He didn’t know the actual stats. He didn’t know that Palestinians fleeing war go through multiple rounds of health, identity, security, and character checks before they can even get here. Between October 2023 and August 2024, Australia granted 2922 visas to people from Gaza and the West Bank. Of those, only about 1300 have actually arrived (ABC News, 2024; Wikipedia, 2024).
Most of those arrivals are on visitor visas - which mean no right to work, no Medicare, and no social support (ABC News, 2024). In the same period, thousands more Palestinians applied for protection or humanitarian visas and were denied (SBS News, 2024). The government even admitted it’s rejecting more applications than it approves.
In early 2025, officials reported that almost 1000 humanitarian visas had been granted to Palestinians and Israelis fleeing the conflict (CathNews, 2025). Yet when you compare that to the scale of displacement - more than 1.9 million Gazans uprooted - these numbers are tiny.
My dad's response to these numbers? "Oh.

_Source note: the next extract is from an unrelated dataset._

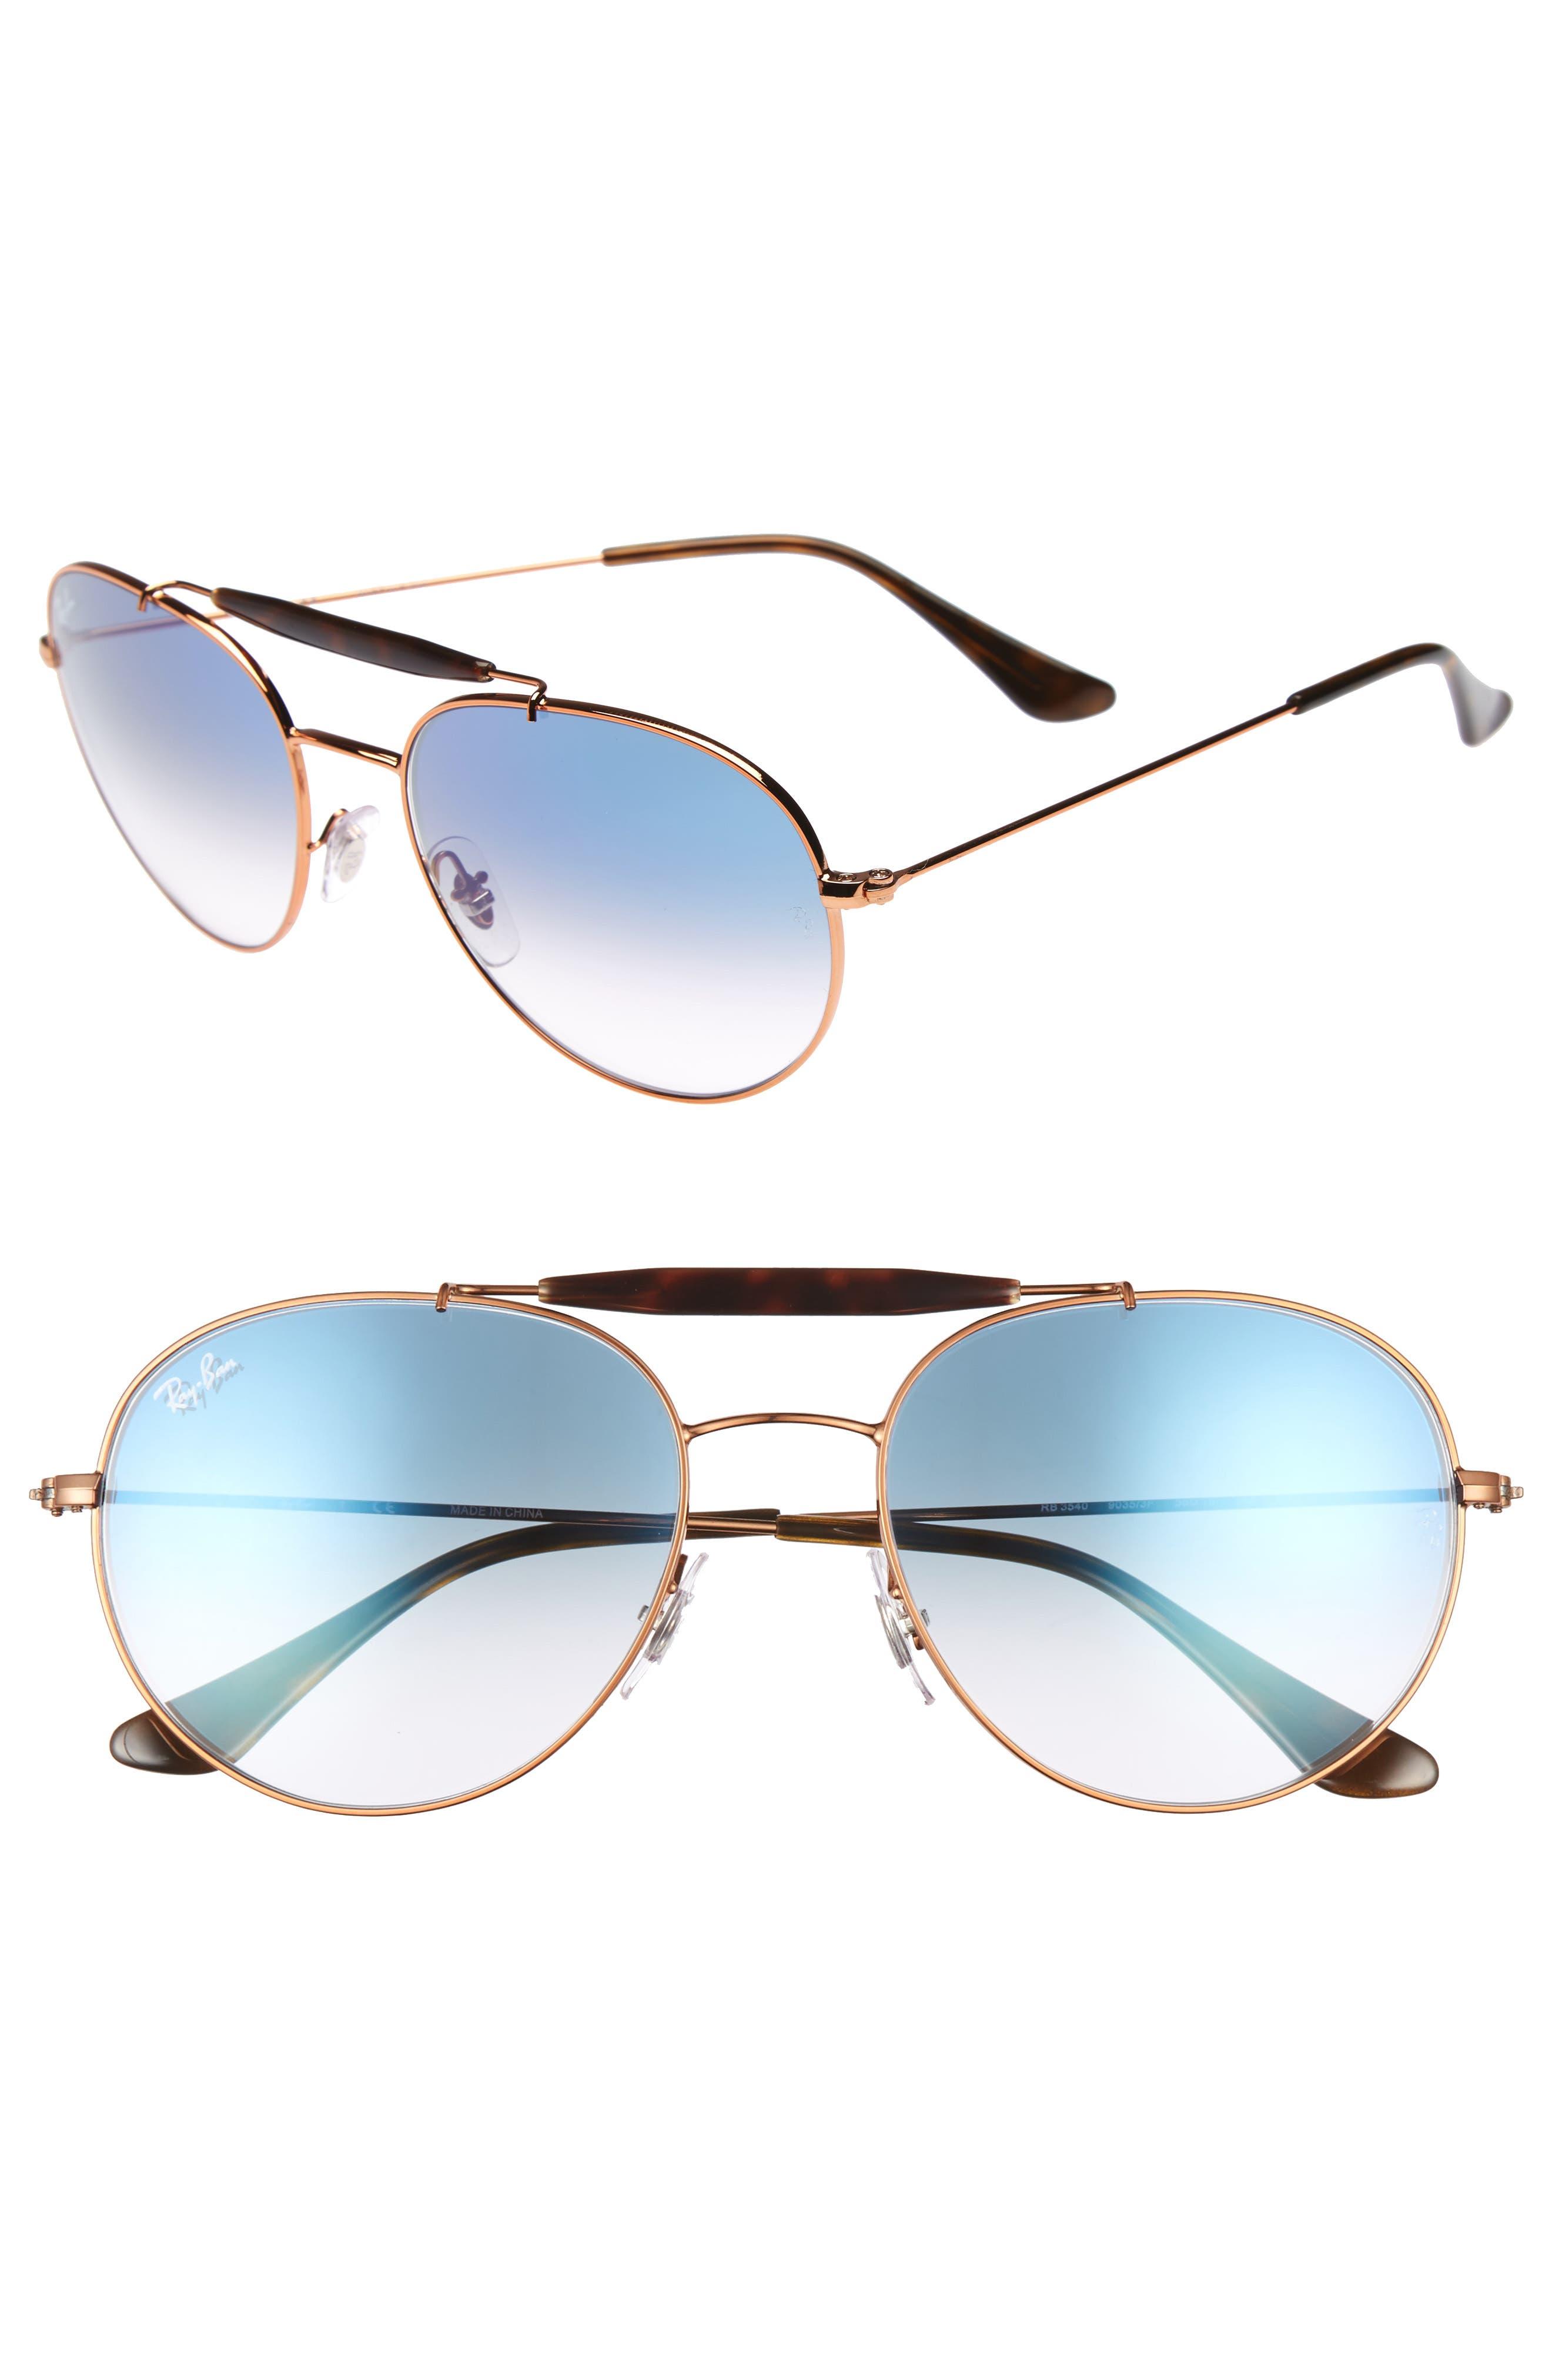 Highstreet 56mm Sunglasses,                             Main thumbnail 1, color,                             220

Is that it?"
This is not some wide-open floodgate. It’s extreme gatekeeping disguised as generosity.
It reminds me of a landlord who turns off the water for the whole apartment block, then sits back while the tenants fight each other for the last drips from the tap. The real question isn’t who stole your glass of water - it’s why the fuck the landlord cut it off in the first place.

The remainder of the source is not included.